Intentions du réalisateur
Le réalisateur-scénariste Lars Kraume veut renverser le capitalisme dans la vision multilatérale américaine, comme il en témoigne auprès d'un journaliste :
« D'ordinaire, devant un danger, un groupe est tenté d’assurer sa tranquillité. Sait-on pourquoi cette classe est, à quatre éléments près, restée solidaire ? »
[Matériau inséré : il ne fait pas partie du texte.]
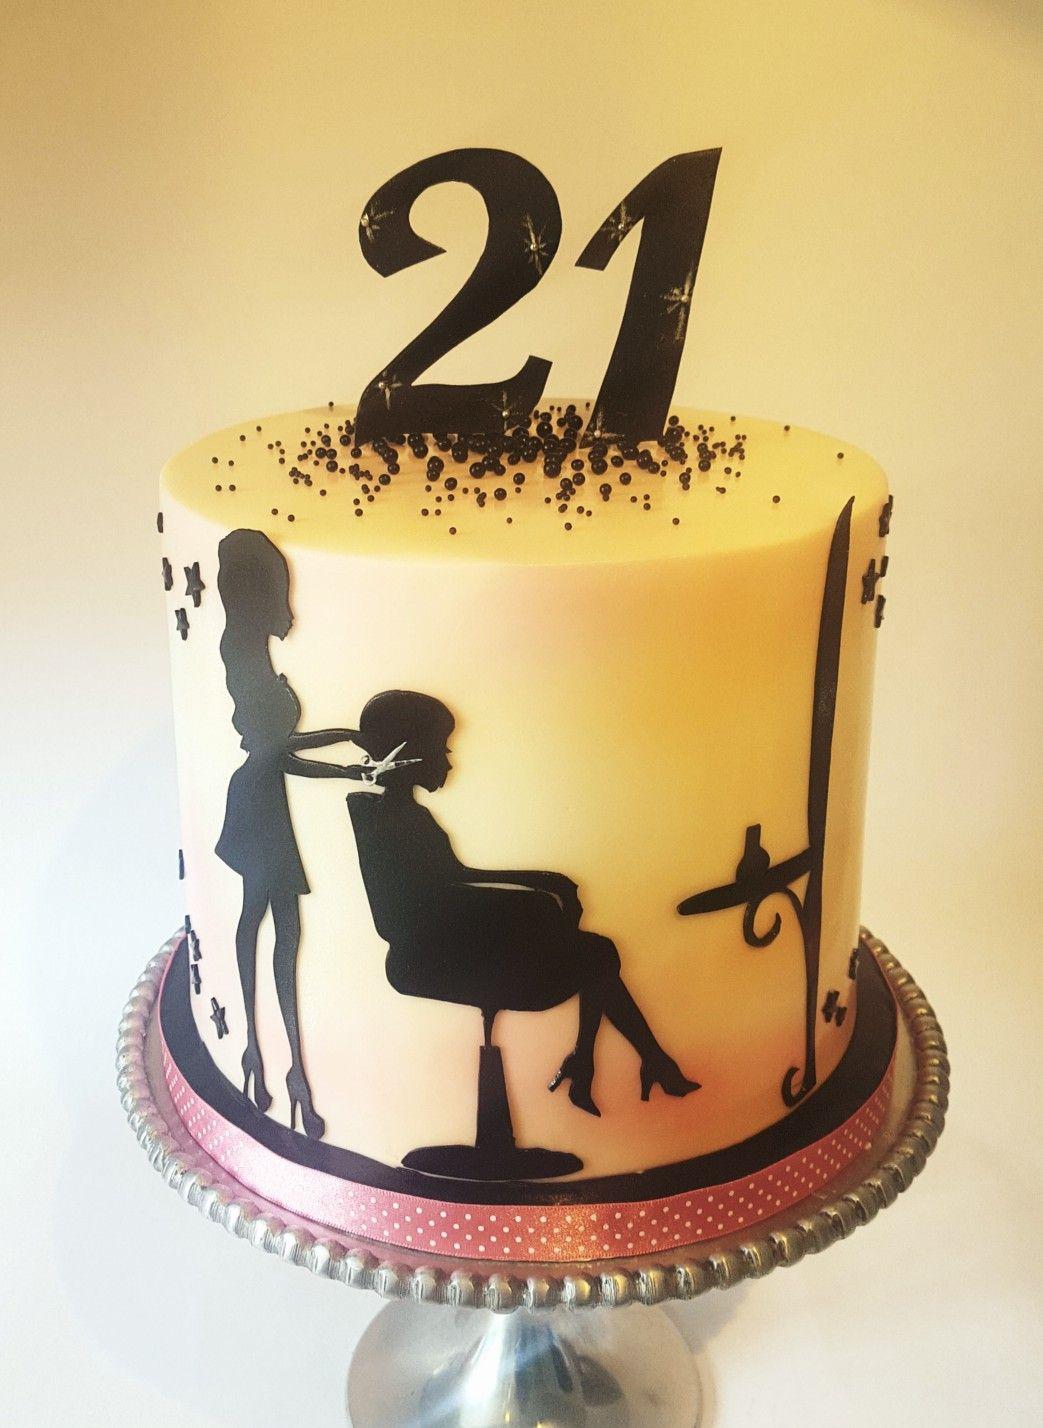 Hairdresser Cake Ideas 21st Birthday Cake Silhouette Cake Bracknell Cake Maker Sweet Mischief Cake Hairdresser Cake Beach Birthday Cake Silhouette Cake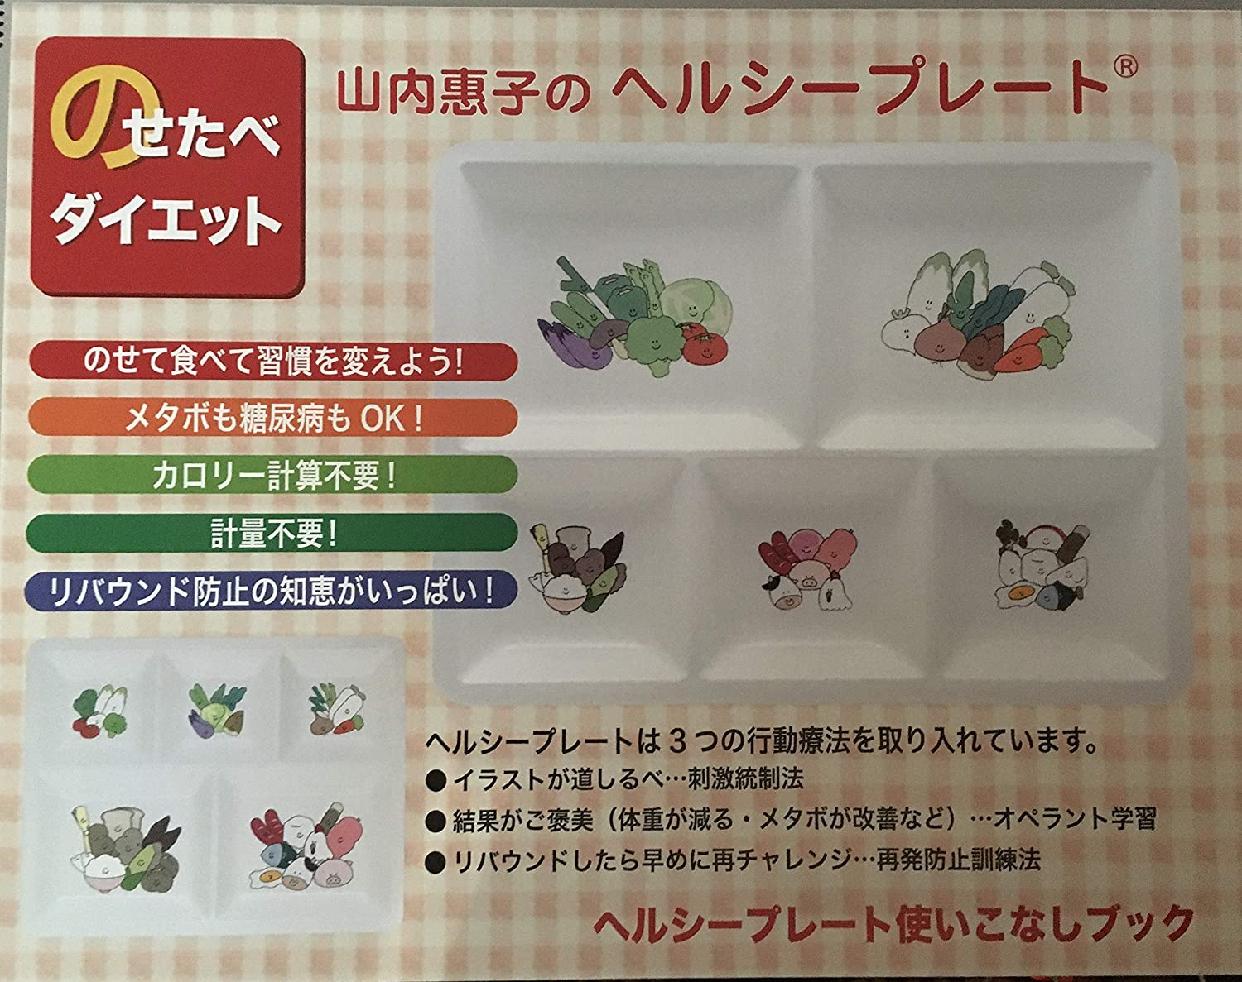 HPYK(エイチピーワイケイ)山内惠子のヘルシープレートのせたべダイエット箱入りセット(改定本入り)の商品画像7

« Non. Cette solidarité est néanmoins le cœur du récit. Quand j'accompagne le film à l’étranger, les gens qui rencontrent une situation identique me parlent souvent de leur affrontement avec l’autorité. Ce qu’a fait cette classe, cette solidarité entre les élèves, est ce qui les touche le plus. Normalement, il y a toujours des traîtres. Pas là. C’est rare, précieux et très inspirant pour n’importe qui. Comme la vérité. Quand Dietrich Gartska a rejoint l’Ouest, le Ministère de l’Éducation s’est plaint de son initiative. Or, c’était très facile. Il n’y avait pas à chercher des excuses compliquées. Dans le film, quand Kurt s’échappe et qu’on jette l’opprobre sur lui, il pourrait trouver une excuse. Mais il a le courage de dire la vérité sur ce qui le force à partir[2]. »
Accueil critique
Dans Le Figaro Magazine, Jean-Christophe Buisson estime qu'« au-delà de la dimension politique de ce film admirable en tout point (grammaire narrative, mise en scène, rythme, interprétation), cette photographie/radiographie de l'Allemagne de l'Est séduit par sa méticulosité et sa rigueur historiques, loin des clichés habituels mais sans concession sur l'horreur du régime totalitaire en place »[3].